Ninth solo studio album from the most famous Wu-Tang affiliate ever, Killah Priest. The project is produced, recorded, mixed and mastered entirely by Kount Fif. RML is credited with him in production. On the mic, the emcee is joined by Cappadonna of Wu-Tang Clan, Canibus & Ras Kass of The Four Horsemen, Ill Bill & Sabac Red of Non Phixion, Copywrite, Jakki da Motamouth, Empuls, Sonsee, Steven King, iCon the Mic King, Jay-Notes, Redd Mudd, Lyrik, 2Mex, The Last Emperor and Mr. Probz.
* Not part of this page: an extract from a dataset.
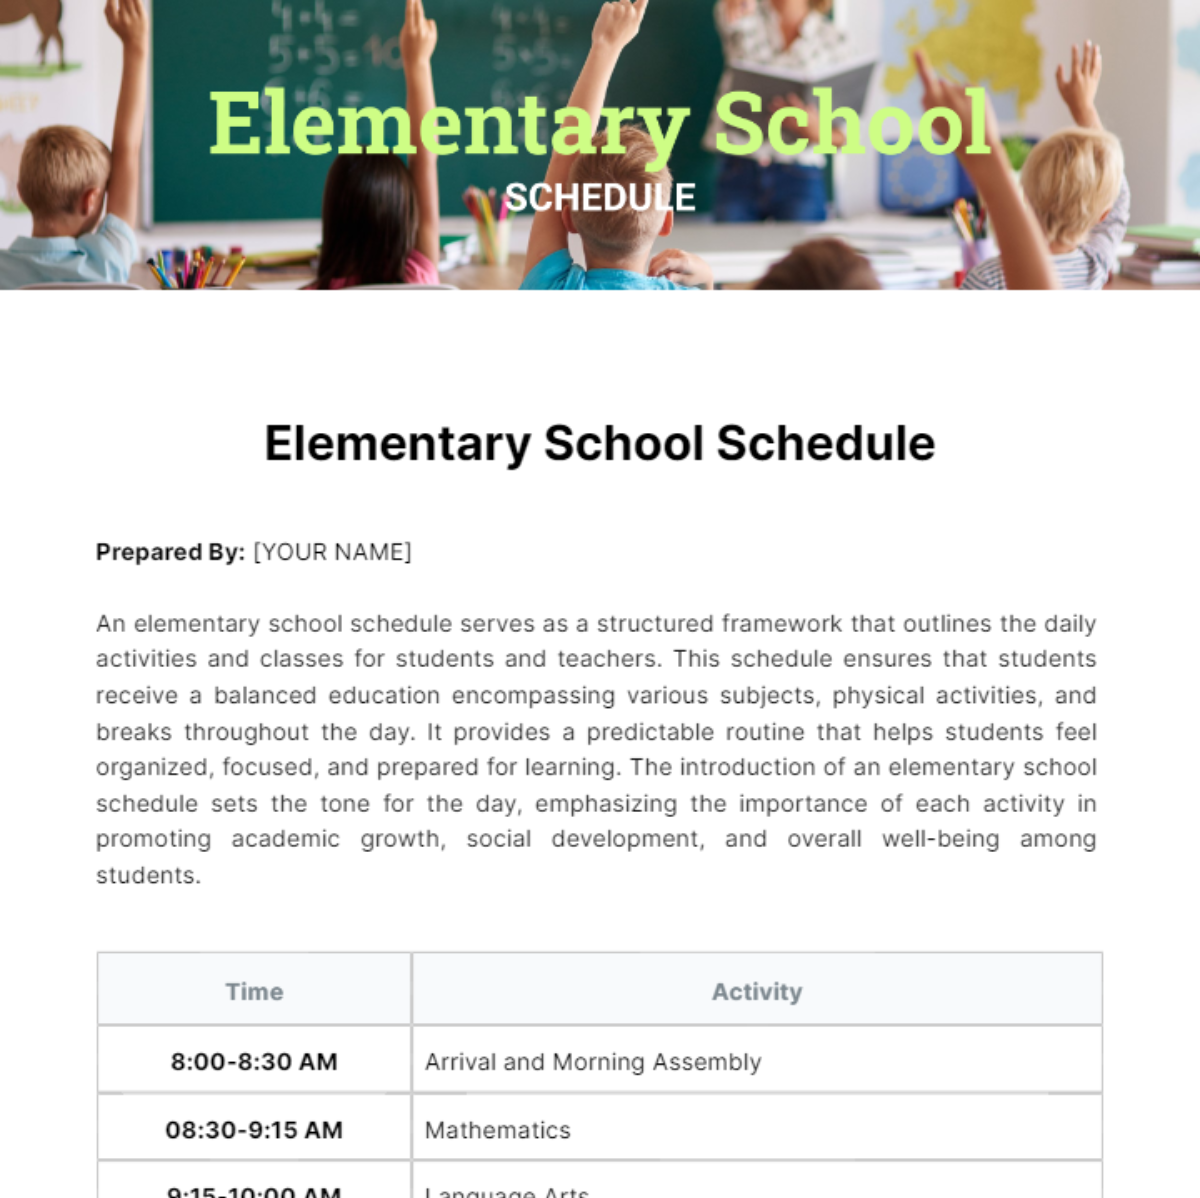 Elementary School Schedule Template

As a big fan of 2Pac, the author chooses the same title that was originally intended for Shakur's mixtape under the moniker Makaveli in 1996. Without a precise concept, the album remains lyrically faithful to the themes dear to the rapper raised in Brooklyn, who carves out raw, abstract lyrics, with biblical, religious, historical, street wisdom, socio-political references, profound and mixed with a lot of braggadocio. Supporting the narratives, battles and heavy and resonant lyrics provided by Masada, there are some of the best beats that have happened to him in the last decade, Kount Fif does a great job behind the keyboards. The introductory cut for example is an excellent dark boom bap that takes a sample from Meiko Kaji's "Watashi No li Hito", a song that I can't stop listening to. "Circles" also maintains dark totalities, as does the whole album, in this case there's a nice sample from Nina Simone's "Wild is the Wind". Wu-Tang Clan member Cappadonna is welcomed on a splendid musical backdrop composed of soul samples taken from Millie Jackson's "A Child of God (It's Hard to Believe)", Killah Priest's verses are wrapped in gorgeous strings and a fresh bass line, the sample breathes between the verses without a hook, Cappachino the Great is at home on this type of beat.
Canibus, one of the members of the Four Horsemen with Killah Priest, proves to be lethal again and eats up the beat of "Democracy" built on David Axelrod's "The Mental Traveler". The other member of the same group Ras Kass also makes his mark on the project's closing pick, "When I Speak", over a dark production by Kount Fif. Non Phixion show up in form on an appropriately dark beat to trade bars with Priest on "Psalm of Satan". "Brolic" and the autobiographical "Priest History" draw from the Dramatics, in this latest choice Priest retraces his artistic history again by delivering a single verse without adding anything new. "The Rose" has ballad contours with the soft hook sung by Lyrik and strings that gently swirl, "Birds" boasts a smooth music with a solid sample of Charles Bernstein's "Laying the Trap", while "Outer Body Experience" takes you somewhere else, thanks to a precious soundscape and a sample from the immense Sade's "Cherish the Day".
Released by Man Bites Dog Records, the effort is polarizing: the lyricism seems a little less focused than the average established by the author over the years, his execution is effortless, there's plenty of room for friends and unknown guys, the tracks are just passable, there are no truly bad tunes but no bangers or classics either, while the set of beats seems hastily constructed, cheap, poor, low budget and finished quickly. Somehow it works, in my opinion. Kount Fif, who previously worked with Priest only on the historic track "Gun 4 Gun" in which the emcee is joined by Nas, manages to do a good job and constructs a pleasant tape, 7/10.